Menos pescadores, mais aquicultores

O ano de 2014 foi decisivo. Nesse ano, a pesca marítima mundial só aumentou em 81,5 milhões de toneladas de peixes em suas redes, contra os 86,4 milhões que alcançou em seu máximo histórico em 1996, segundo a Organização das Nações Unidas para a Agricultura e a Alimentação (FAO). E o planeta perdeu 1,5 milhão de pescadores.

Além disso, pela primeira vez, as pessoas consumiram mais peixes de cativeiro do que selvagens pescados em mares ou rios.

Em relação ao emprego, a pesca e a aquicultura supõem uma fonte de renda e de subsistência para 56,6 milhões de pessoas no planeta.

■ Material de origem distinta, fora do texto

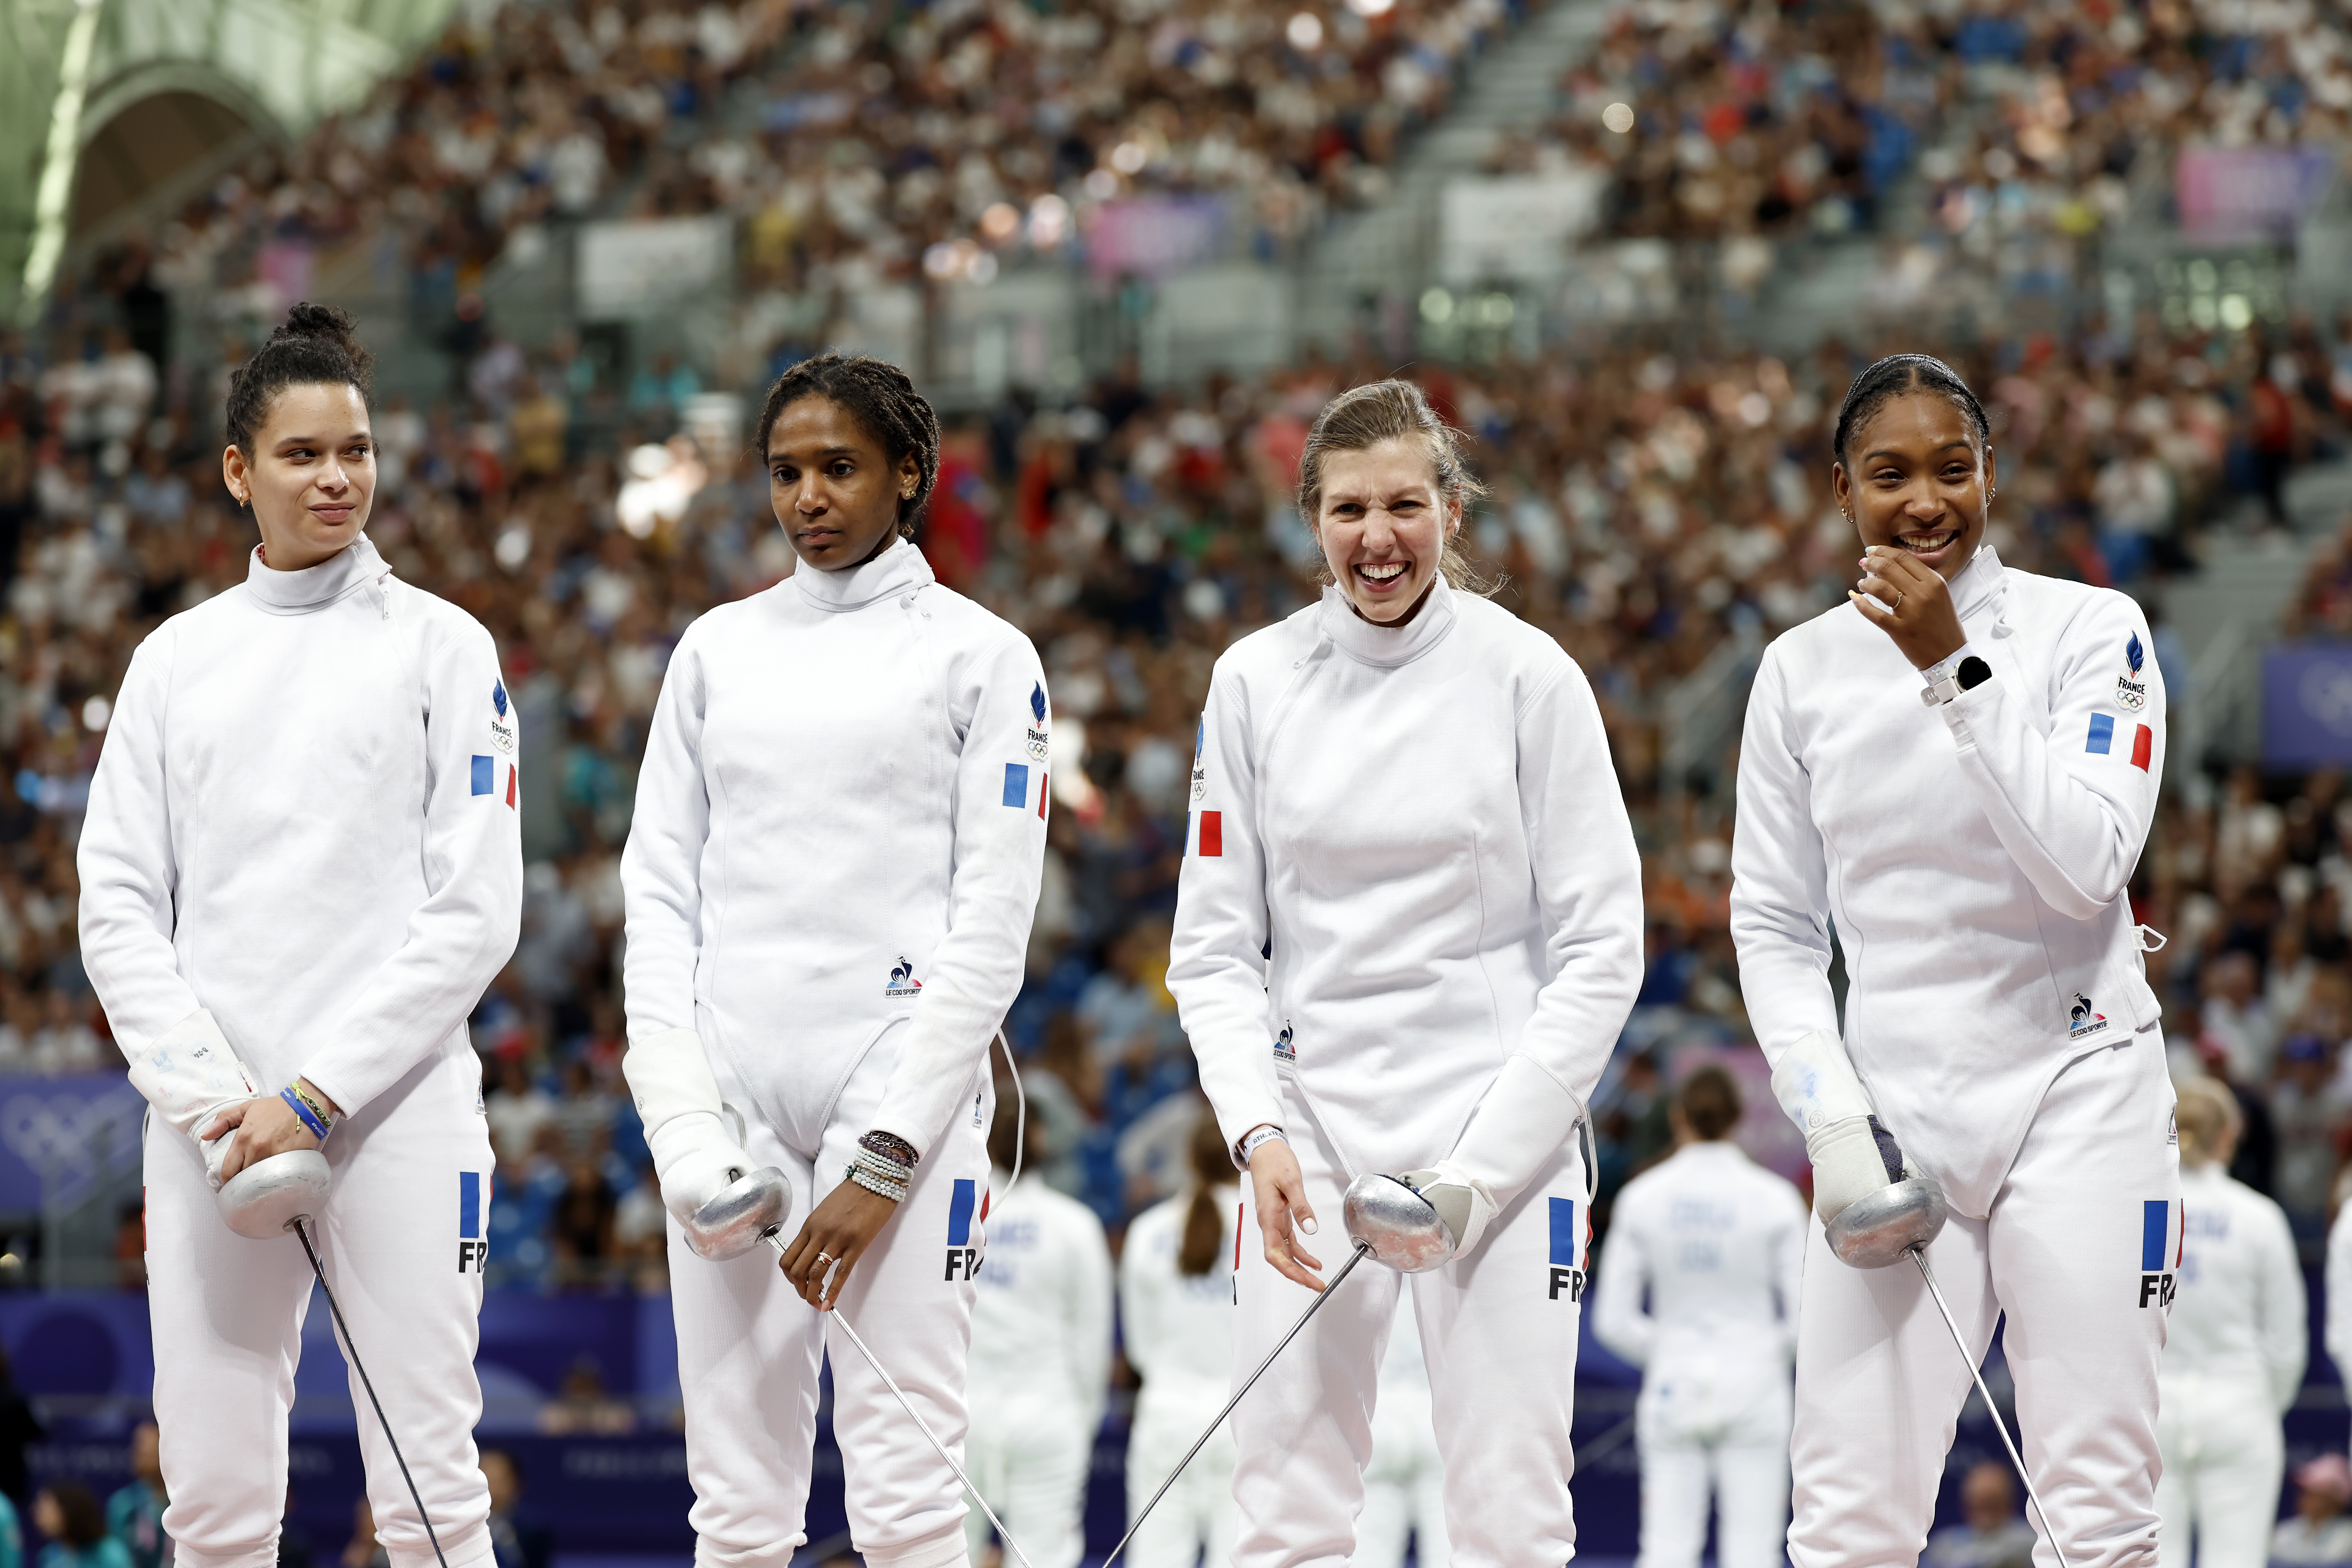     JO 2024 : l'équipe de France d'épée féminine prend la médaille d'argent

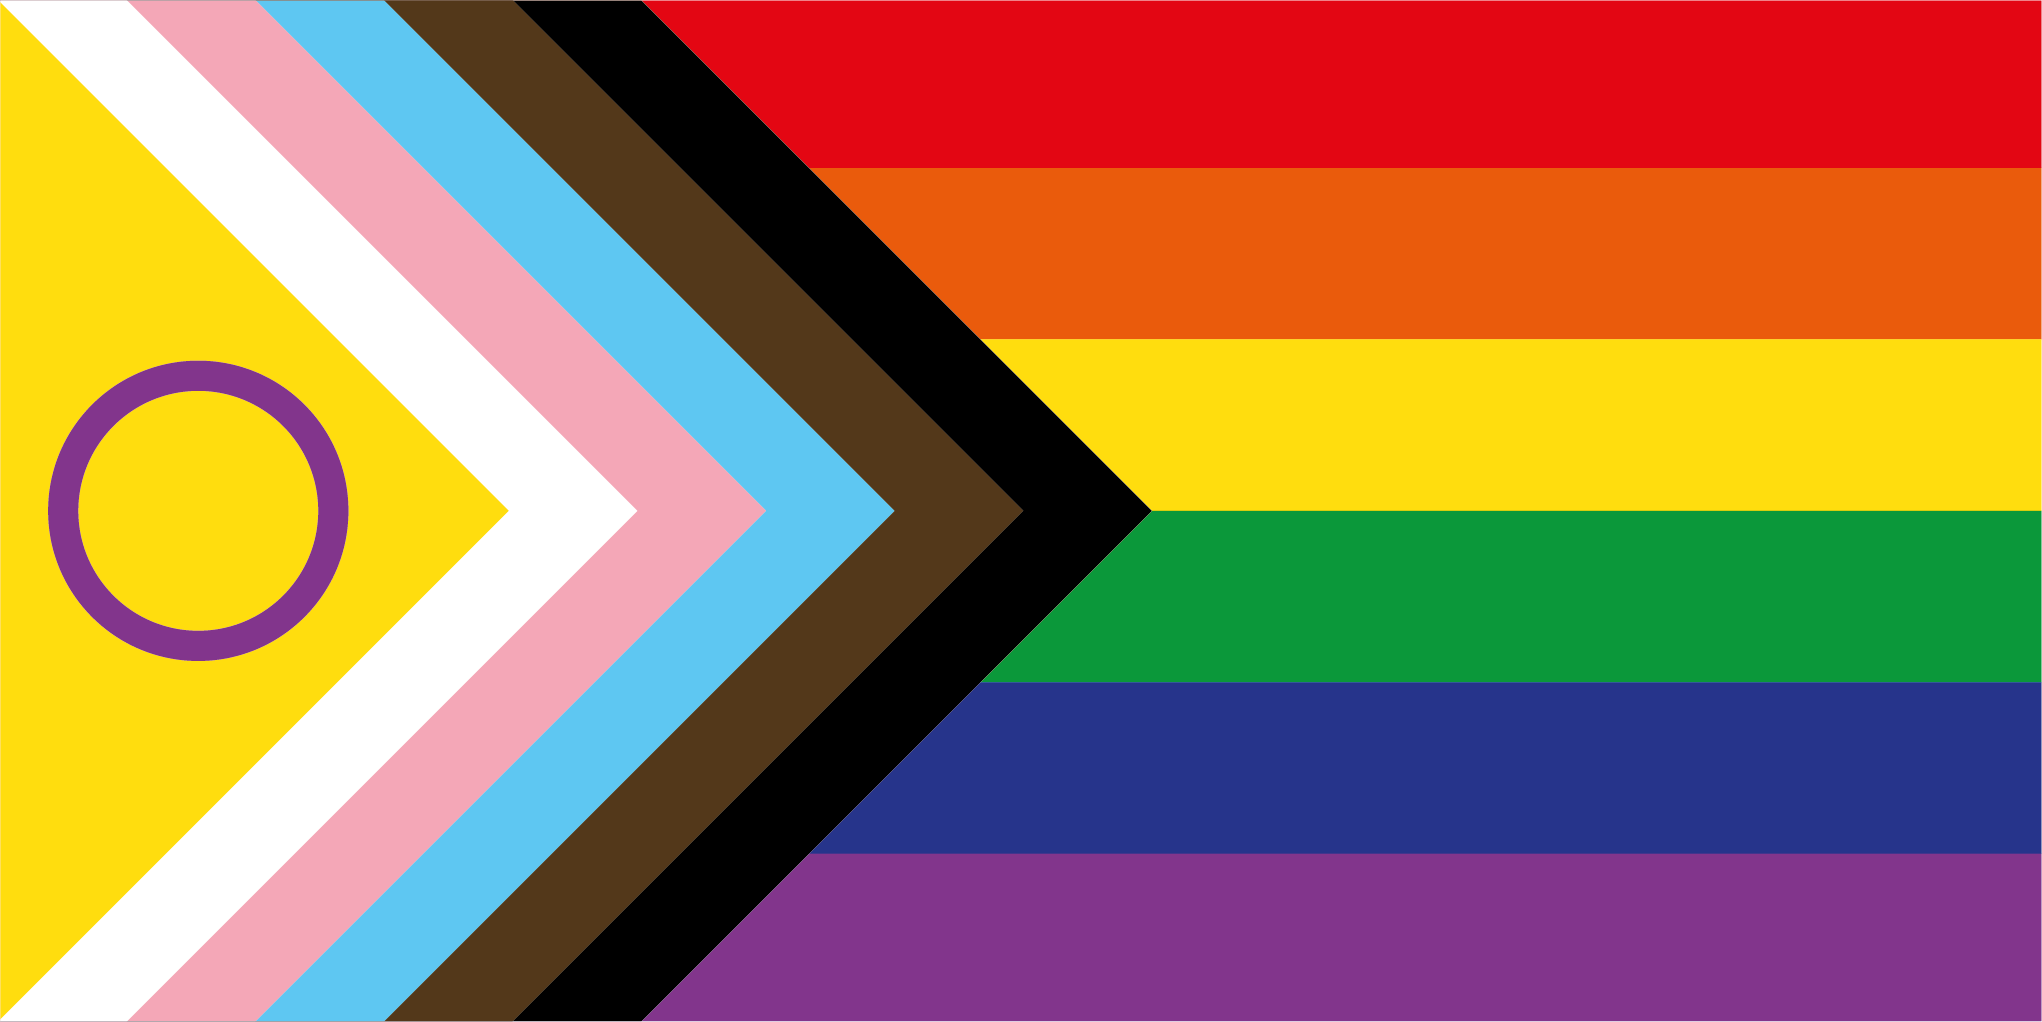 Die Regenbogenflagge - Tom for Dogs ist ein safe space für alle Menschen der LGBTQIA+ community"

Estes dados traduzem a evolução do setor: a parte dos funcionários na pesca de captura diminuiu, passando de 83% em 1990 a 67% em 2014, enquanto que a dos trabalhadores na aquicultura aumentou, de 17% para 33%.

Tanto para os profissionais quanto para os defensores do meio ambiente, a sobrepesca industrial é um dos principais motores deste fenômeno. A escassez de peixes selvagens leva a uma concentração das grandes multinacionais da pesca.

“Estamos assistindo a um fenômeno inédito de compra e de concentração do setor na Europa e no mundo”, afirmou à AFP François Chartier, especialista em economia do mar para a ONG Greenpeace.

“Na França, para a pesca do atum, dois dos três últimos armadores especializados acabam de ser comprados por grupos holandeses”, afirmou.

O mesmo acontece em relação ao processamento. Petit Navire, o líder do atum enlatado na França – o peixe mais consumido no país – foi adquirido em 2010 pelo número 3 mundial do peixe enlatado, o tailandês Thai Union Frozen Products.